Aktuelle Neurologie 2007; 34 - P555
DOI: 10.1055/s-2007-987826

Treatment of postherpetic neuralgia with pregabalin under clinical practice conditions

G Ruf 1, F Leverkus 1, R Mallison 1, M Brasser 1
  • 1Karlsruhe

Postherpetic neuralgia (PHN) profoundly affects health-related quality of life and functional status of patients. In addition to pain, often sleep disturbances or anxiety/depression are present (“triad of pain“). While the prevalence of PHN in herpes zoster patients is high (ca. 11%), it is difficult to treat and often refractory to available therapies. Pregabalin, a highly selective ligand for the alpha2-delta subunit protein of voltage-gated calcium channels, reduces release of excitatory neurotransmitters. It is approved for, among other indications, the treatment of peripheral and central neuropathic pain. We aimed to assess its efficacy and safety in general practice.

Methods: In a prospective open, observational trial, 5808 physicians treated 15301 patients with peripheral neuropathic pain with pregabalin administered twice-daily in a flexible-dose regimen over a median duration of 45 days. Pain severity, sleep interference and general well-being were assessed on numerical rating scales (0=best, 10=worst value) after 1, 3 and 6 weeks. The Patient Health Questionnaire (PHQ-D) was used to assess depression.

A total of 2817 subjects in the total cohort had PHN. Mean duration of PHN pain since first diagnosis was 1.0 (±1.7) years.

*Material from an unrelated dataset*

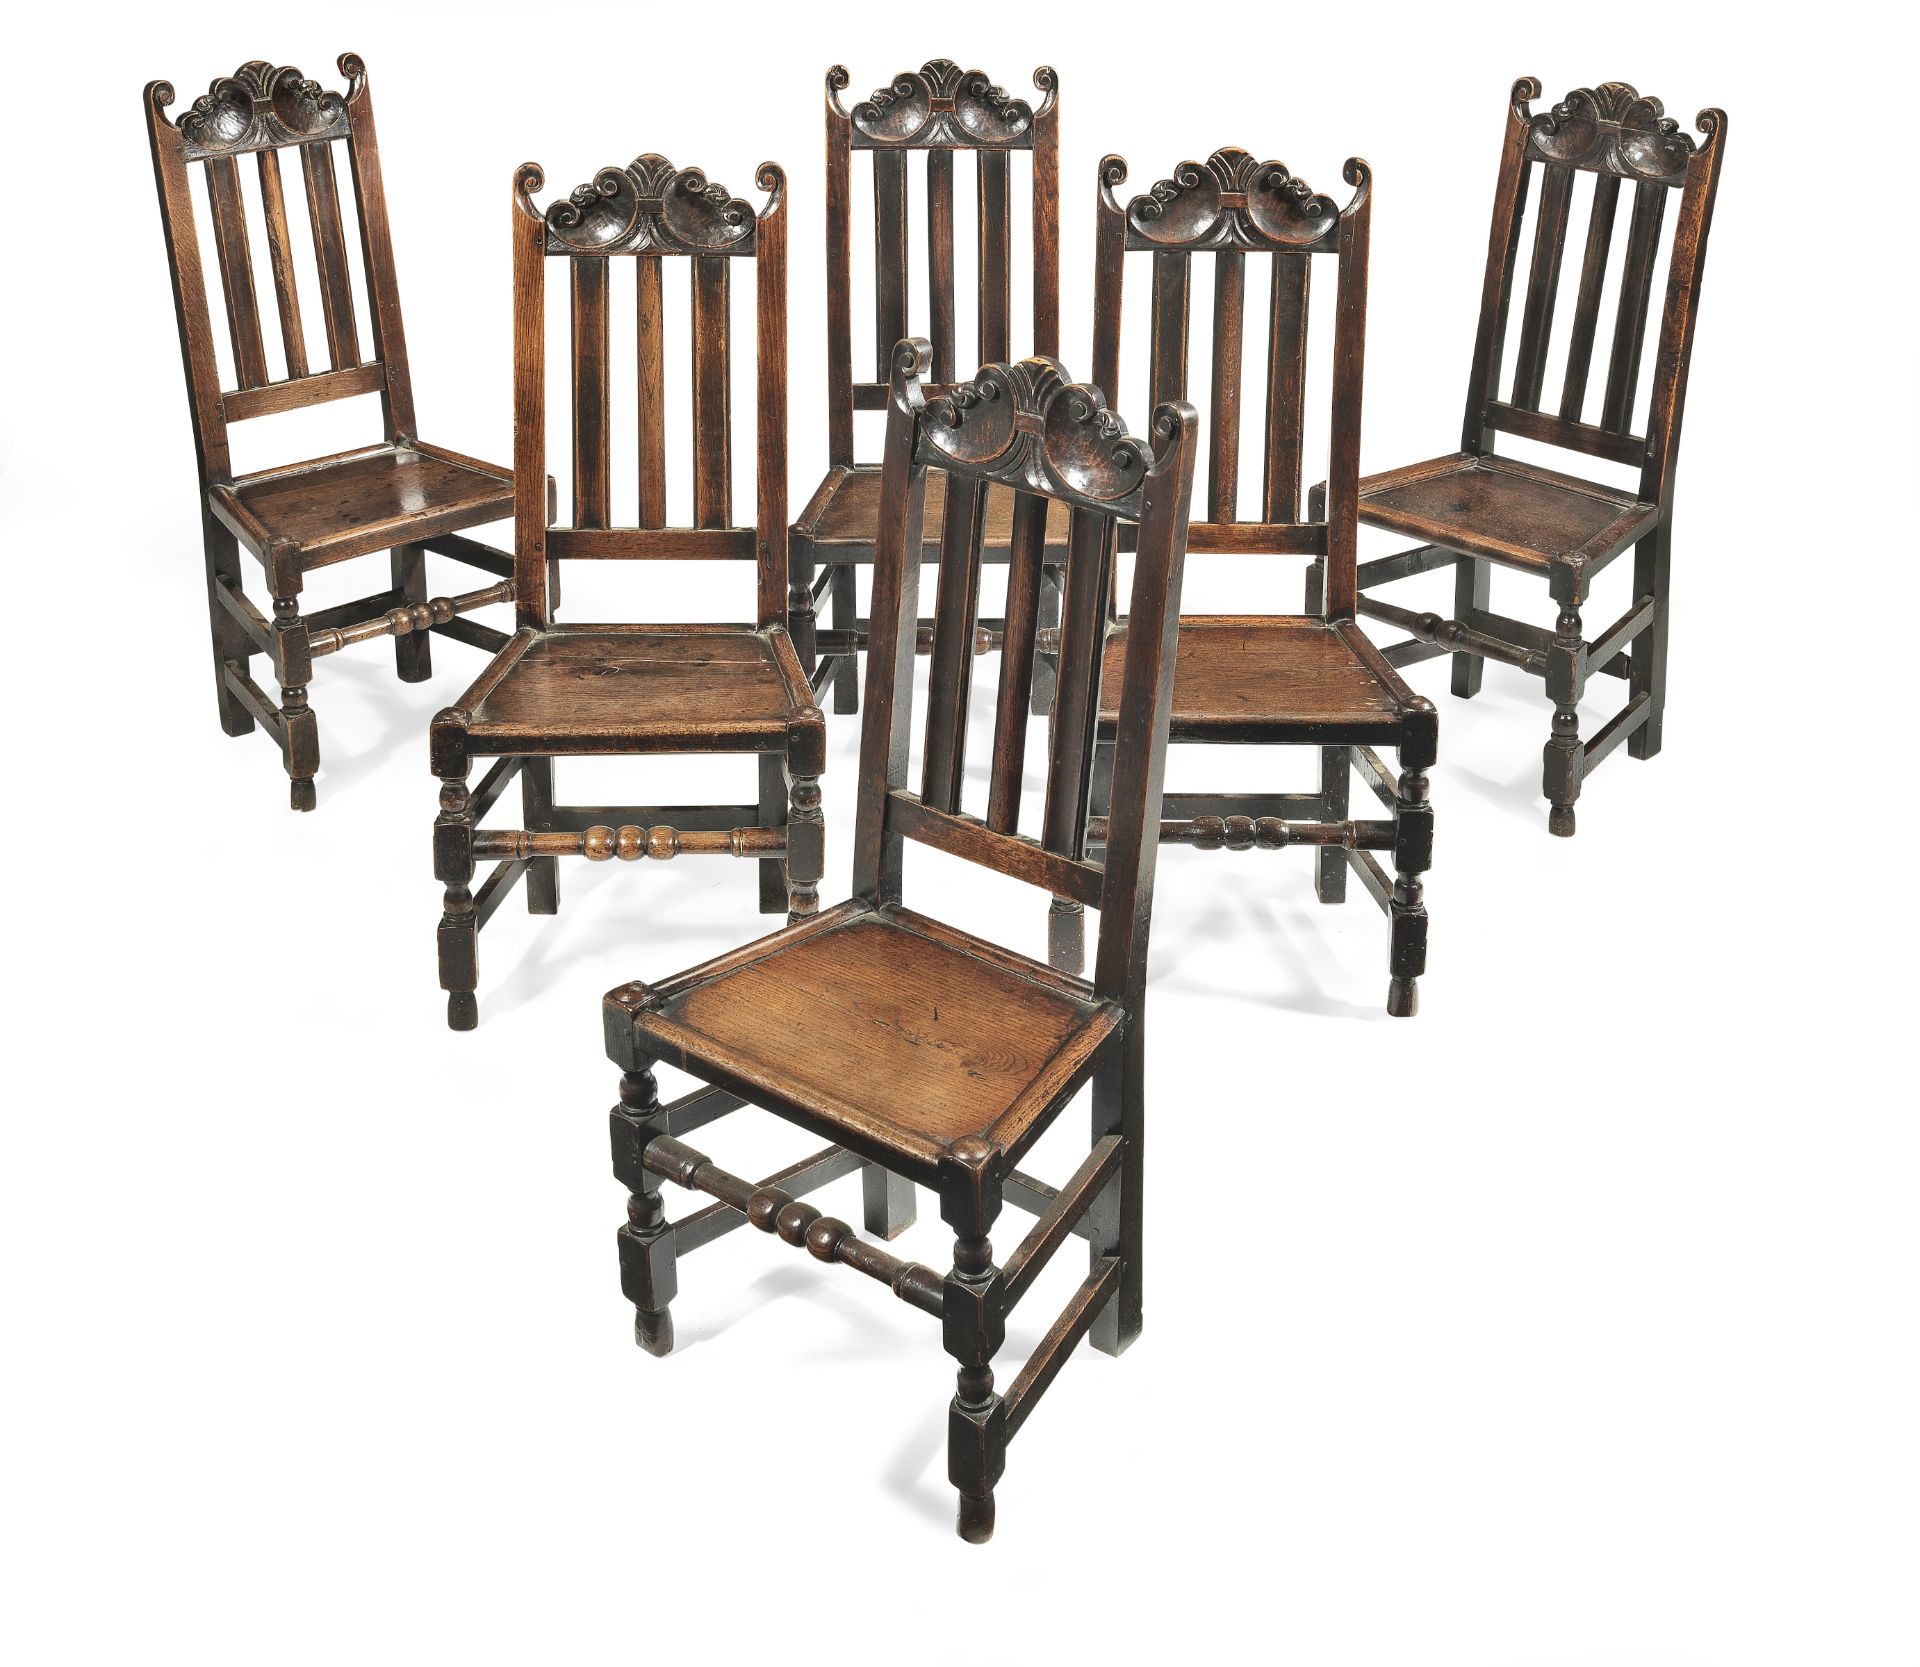 A very near-set of six late 17th century joined oak high-back chairs, English, circa 1685 (6)

During pregabalin treatment (mean dose 301mg/day), the mean (±standard deviation) pain score was reduced from 6.8±1.6at baseline to 4.4±1.8at week 1, to 2.7±1.7at week 3, and to 1.9±1.7at week 6. Response in terms of 30% pain reduction at study end compared to baseline was achieved in 94.0%, and 50% pain reduction in 87.5%. Pain-associated interference with sleep was reduced from 6.0±2.4at baseline to 1.4±1.7at 6 weeks. The proportion of patients with major depression syndrome (in PHQ) decreased from 62.2% to 37.9%. General well-being improved from 6.6±2.1 to 1.7±1.8. Satisfaction with drug efficacy was reported by 95% of physicians and by 93% of patients.

Pregabalin was well tolerated, and 96% of patients were “very satisfied“ or “satisfied“ with tolerability. Most common AEs in the total cohort were dizziness (1.4%), fatigue (1.1%) and somnolence (0.8%).

Patients with PHN responded very well to pregabalin therapy in terms of reduction of pain, sleep disturbances and depression rates, as well as improvement of general well-being. Effects were observed already within week 1. These findings in the general practice setting are in line with results from controlled clinical trials on pregabalin in PHN patients.